Kripto benimseme konusunda ekonomik modeller çalıştırmak için kuantum hesaplama

Pek çok açıdan, ikili 1'leri ve 0'ları temsil etmek için elektrik yükü yerine atomik "dönmeyi" kullanan kuantum hesaplama (QC), üstel bir hızla gelişiyor. Kalite kontrol geniş ölçekte hayata geçirilirse, diğer faydaların yanı sıra mahsul veriminin artırılmasına, daha iyi ilaçların tasarlanmasına ve daha güvenli uçakların üretilmesine yardımcı olarak insan toplumu için bir nimet olabilir. 

Kripto sektörü de kâr edebilir. Örneğin geçen hafta, Kanada Bankası tarafından görevlendirilen bir proje, Kanadalı finans kuruluşları arasında kripto para biriminin benimsenmesini simüle etti. kuantum hesaplamayı kullanma

Kanada Bankası veri bilimi direktörü Maryam Haghighi bir basın açıklamasında, "Kuantum hesaplamanın gücünü, klasik hesaplama tekniklerini kullanarak çözülmesi zor bir araştırma vakasında test etmek istedik" dedi. 

Ancak diğerleri, olağanüstü "kaba kuvvet" gücü göz önüne alındığında kuantum hesaplamanın, Bitcoin'e hizmet eden blockchain'in kriptografik yapısını da kırabileceğinden endişe ediyor (BTC) kurulduğu günden bu yana çok iyi. Gerçekten de bazıları, herhangi bir karşı önlemin geliştirilmediği varsayılarak, kuantum bilgisayarların BTC özel anahtarının temel bileşenleri olan muazzam asal sayıları tanımlamasının yalnızca bir zaman meselesi olduğunu söylüyor. 

Bu doğrultuda yakın zamanda yayınlanan bir makale hesaplanmış Bir BTC özel anahtarını kopyalamak için ne kadar kuantum gücüne ihtiyaç duyulacağı, yani makalenin yazarlarının açıkladığı gibi "Bitcoin ağındaki anahtarların 256 bitlik eliptik eğri şifrelemesini kırmak için gereken fiziksel kübit sayısı". Sussex Üniversitesi ile bağlantılı. 

Elbette bu kolay bir iş olmayacaktır.

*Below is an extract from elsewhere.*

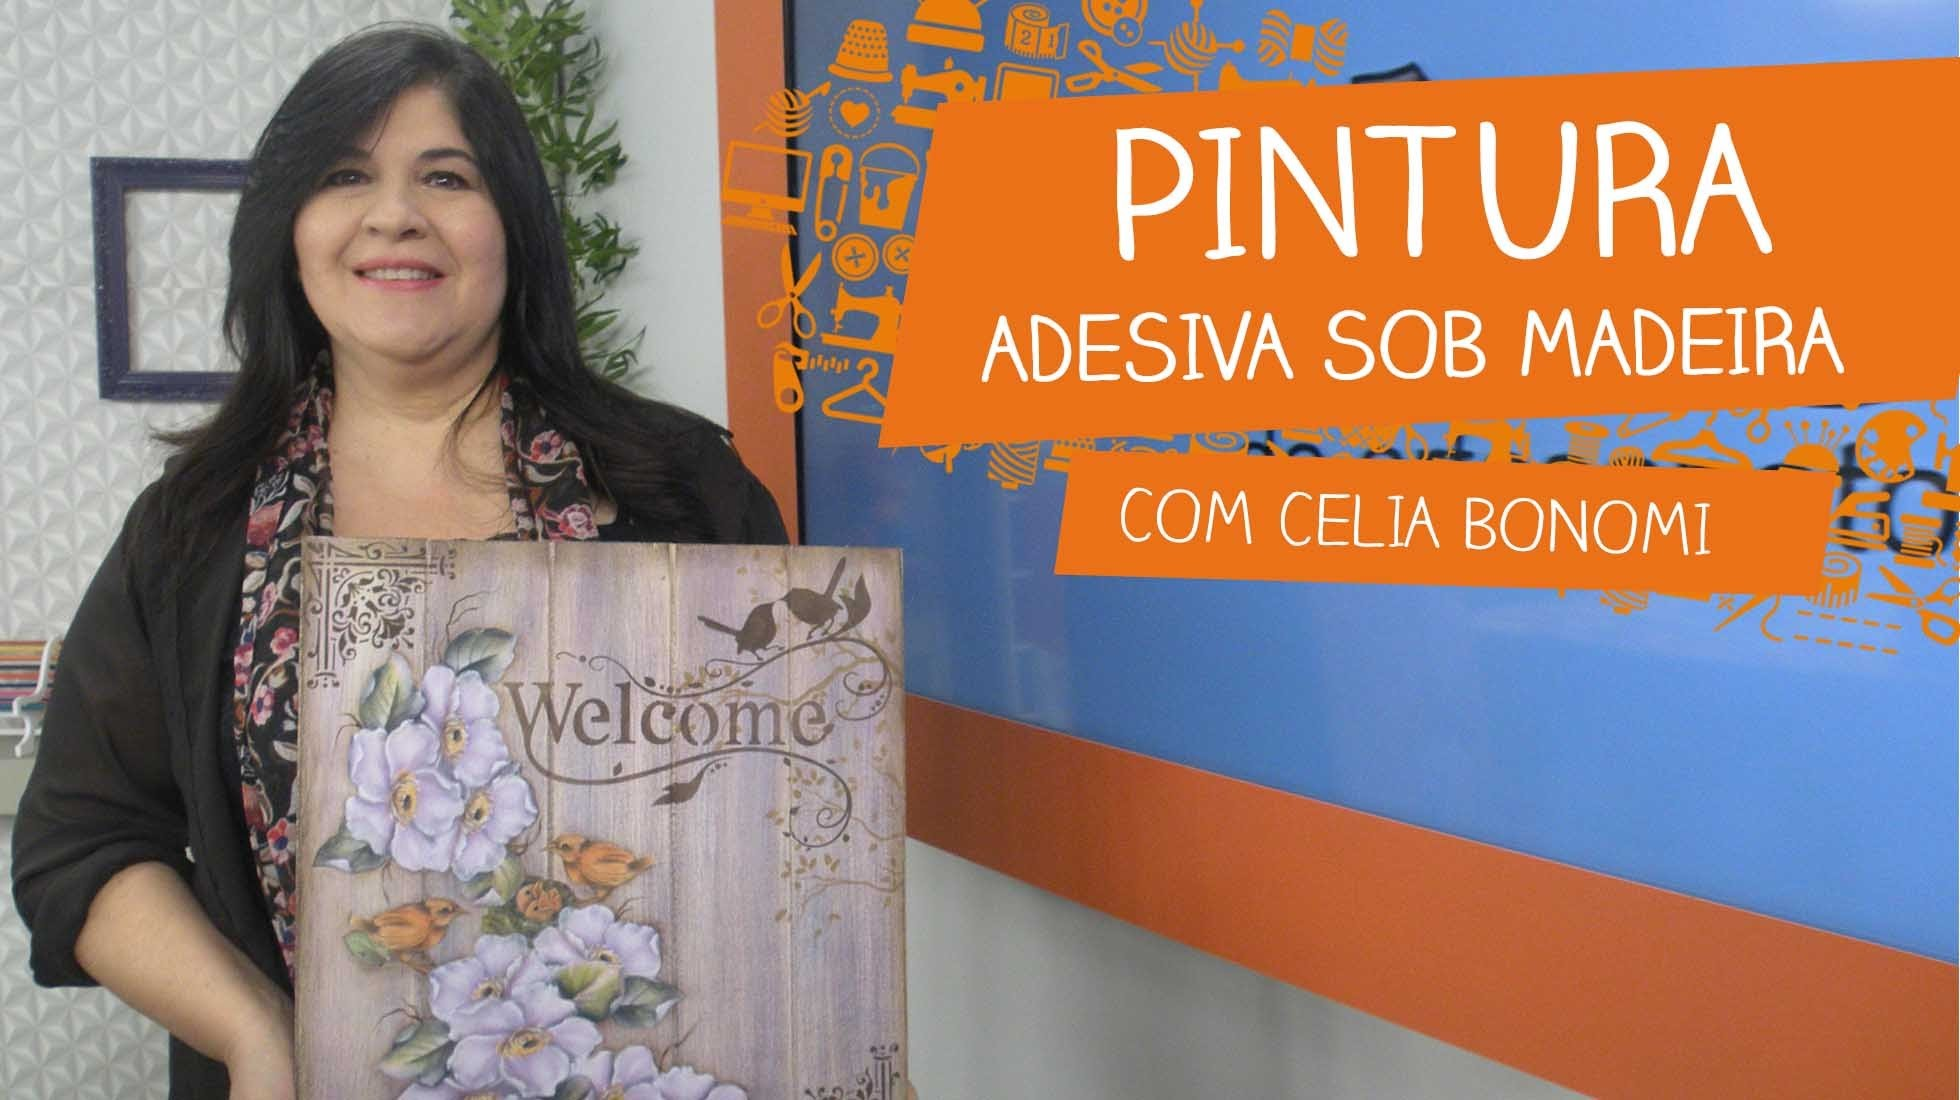 Pintura Adesiva sob Madeira com Celia Bonomi | Vitrine do Artesanato na TV

Bitcoin'in genel anahtarları özel anahtarlara dönüştüren algoritması "tek yönlüdür"; bu, özel bir anahtardan genel bir anahtar oluşturmanın kolay olduğu, ancak günümüz bilgisayarlarını kullanarak bir genel anahtardan özel bir anahtar türetmenin neredeyse imkansız olduğu anlamına gelir. 

Ek olarak, tüm bunların yaklaşık 10 dakika içinde yapılması gerekir; bu, bir genel anahtarın Bitcoin ağında açığa çıktığı veya savunmasız olduğu ortalama süre kadardır. Ayrıca, genel anahtarın BTC adresiyle aynı olduğunu varsayar; Bitcoin'in ilk günlerinde, BTC adresleri oluşturmak için genel anahtarları "karmalamak" amacıyla KECCAK algoritmasını kullanmanın yaygın bir uygulama haline gelmesinden önceki çoğu zaman olduğu gibi. Mevcut Bitcoin'in yaklaşık dörtte birinin karmalanmamış genel anahtarlar kullandığı tahmin ediliyor.

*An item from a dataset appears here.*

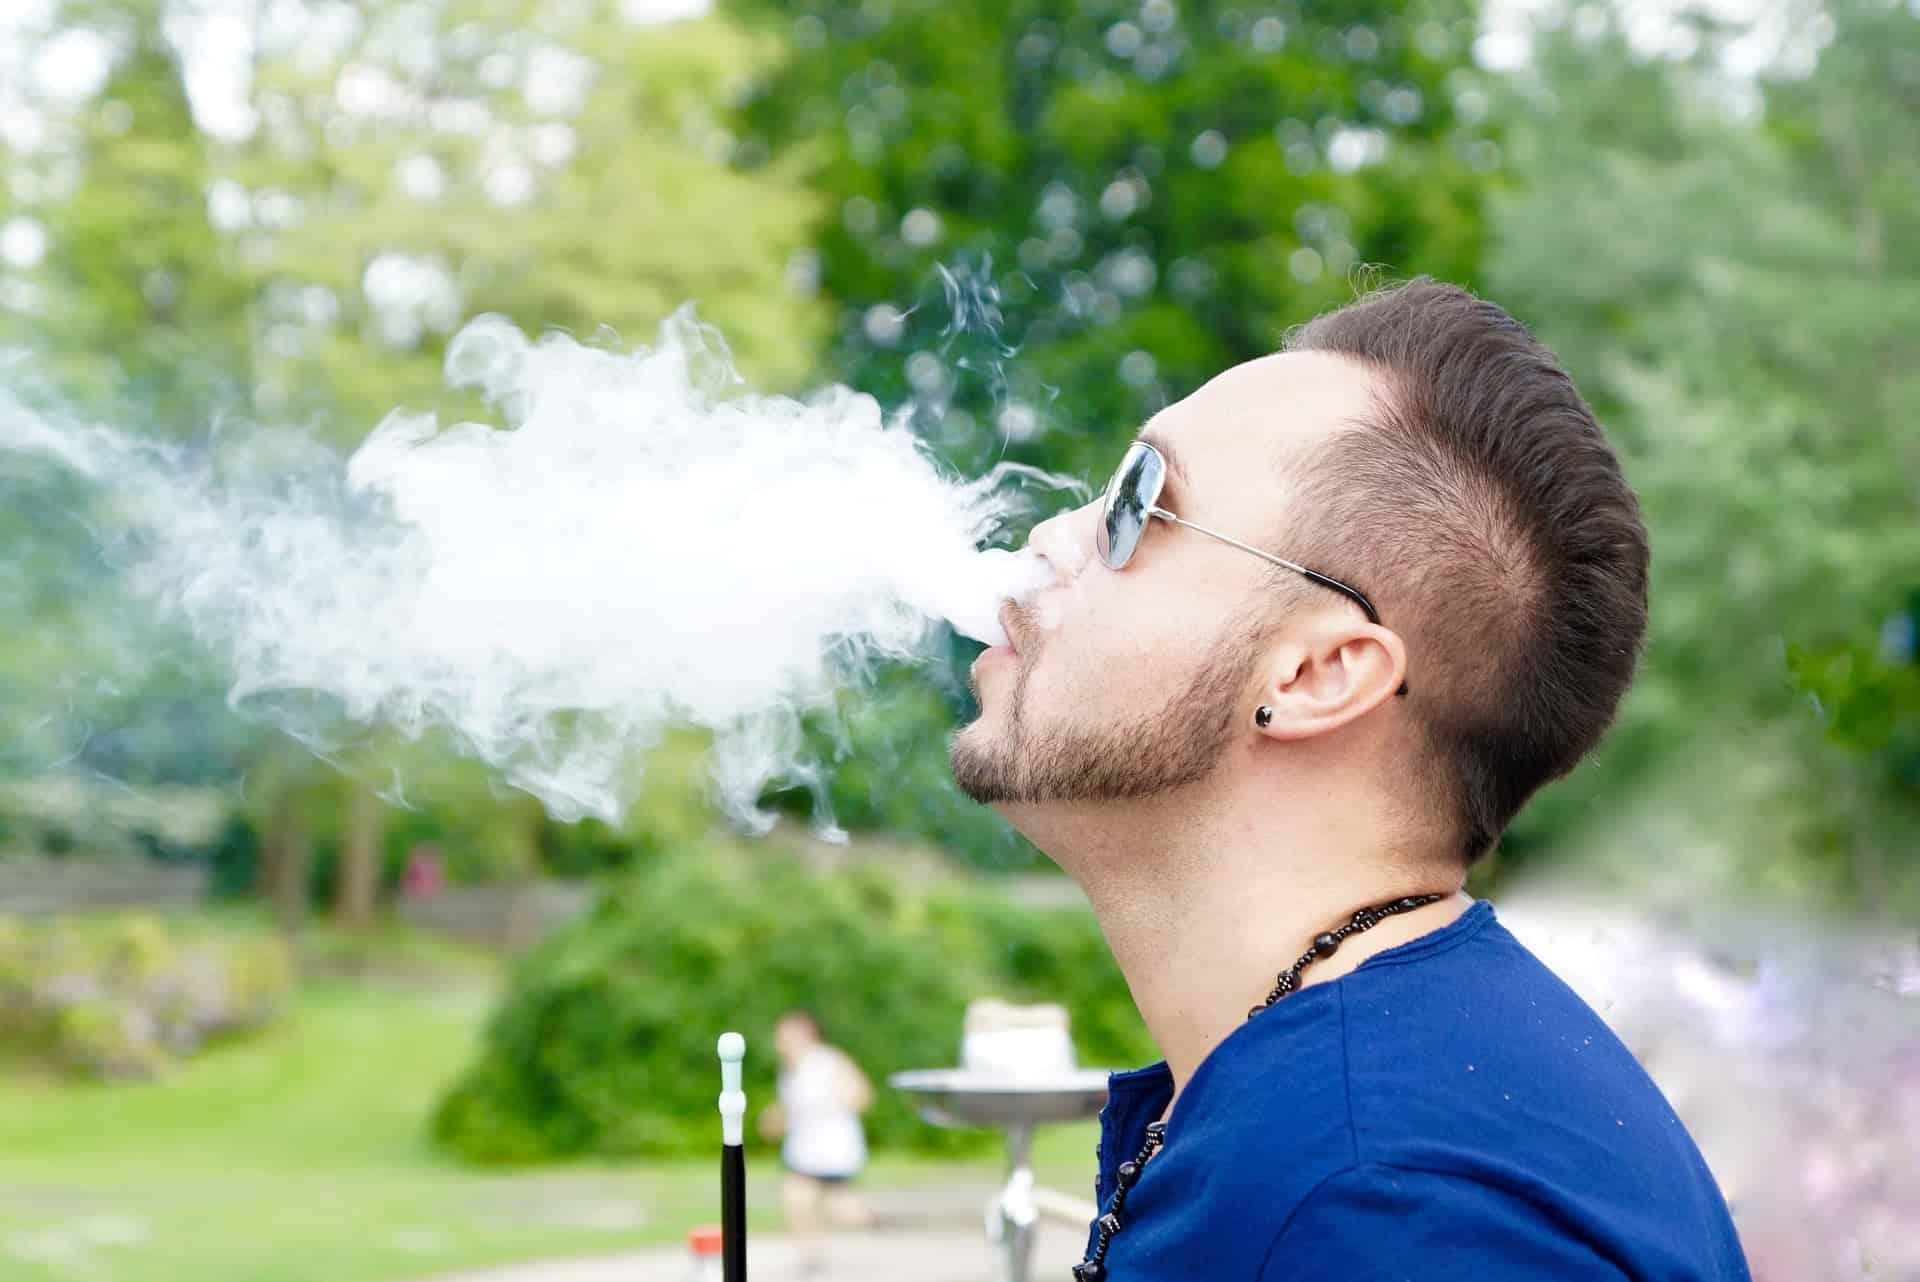 Mann raucht Shisha

Bu kısıtlamalar göz önüne alındığında yazarlar, 1.9 dakika içinde tek bir Bitcoin özel anahtarına nüfuz etmek için 10 milyar kubitin gerekli olacağını tahmin ediyor. Qubitler veya kuantum bitleri, klasik hesaplamadaki "bitlerin" analogudur. Karşılaştırıldığında, günümüzün çoğu proto-QC bilgisayarı 50-100 kübit toplayabilir, ancak IBM'in son teknoloji ürünü Eagle kuantum işlemcisi 127 kübiti yönetebilir. 

IBM Q System One, ilk devre tabanlı ticari kuantum bilgisayarı. Kaynak: IBM Research

Başka bir deyişle, AVS Quantum Science makalesinde önerildiği gibi, Bitcoin'in güvenliğini büyük ölçekli tuzaklanmış iyon kuantum bilgisayarı kullanarak kırmak için gereken 127 milyar kübite karşı 1.9 kübit demektir.

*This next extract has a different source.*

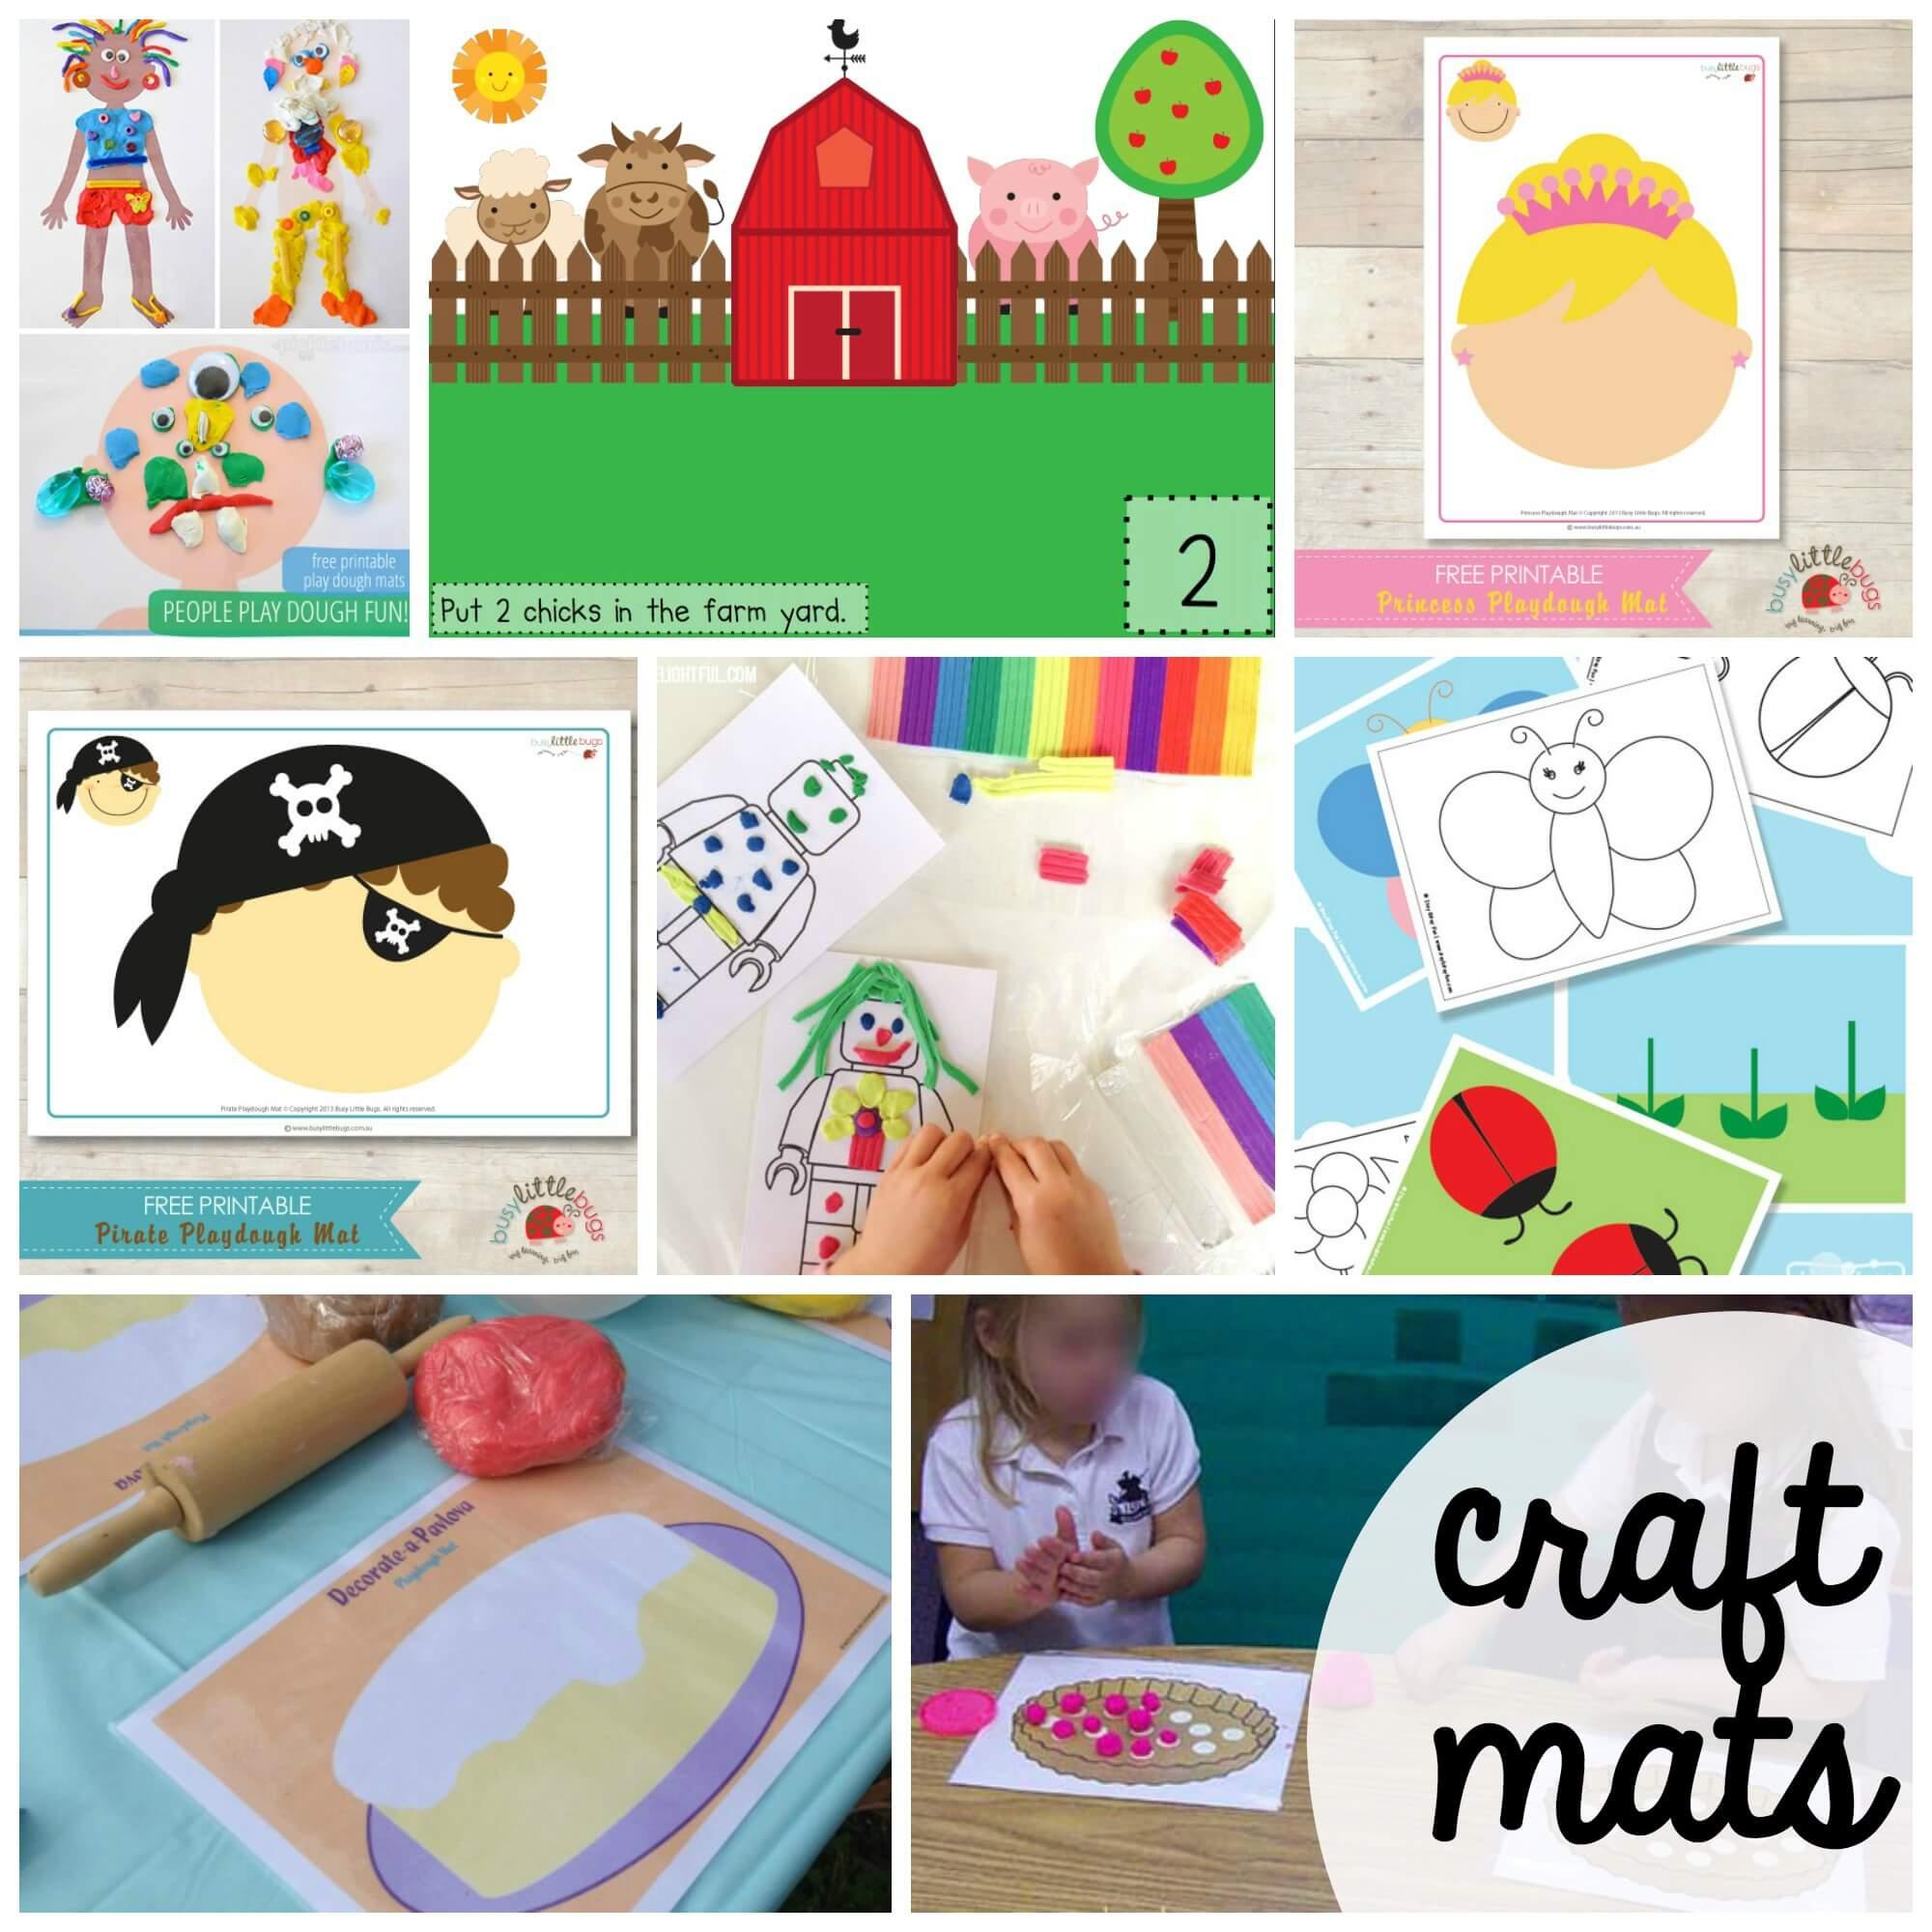 100 Free Playdough Mats - Playdough To Plato - Free Printable Playdough Mats

Sussex Üniversitesi'nin yan kuruluşu Universal Quantum'un kuantum mimarı ve makalenin baş yazarı Mark Webber, şuraya, "Tahmini gereksinimimiz […], Bitcoin'in şimdilik bir kuantum saldırısına karşı güvenli sayılması gerektiğini öne sürüyor, ancak kuantum hesaplama teknolojileri, bu tür tahminleri etkileyen düzenli atılımlarla hızla ölçekleniyor ve bunları önümüzdeki 10 yıl içinde çok olası bir senaryo haline getiriyor." 

Tehdit gerçek mi?

Bitcoin'in güvenliği gerçekten kırılmış olabilir mi? Japonya'nın Ritsumeikan Üniversitesi'nden makine mühendisliği profesörü Takaya Miyano, Cointelegraph'a şunları söyledi: "Kuantum bilgisayarların kripto para birimini kırabileceğini düşünüyorum." "Ancak bu birkaç yıl içinde değil, 10-20 yıl içinde."

Miyano yakın zamanda büyük ölçekli kuantum bilgisayarlardan gelen saldırılara dayanacak şekilde tasarlanmış kaos tabanlı bir akış şifresi geliştiren bir ekibe liderlik ediyor.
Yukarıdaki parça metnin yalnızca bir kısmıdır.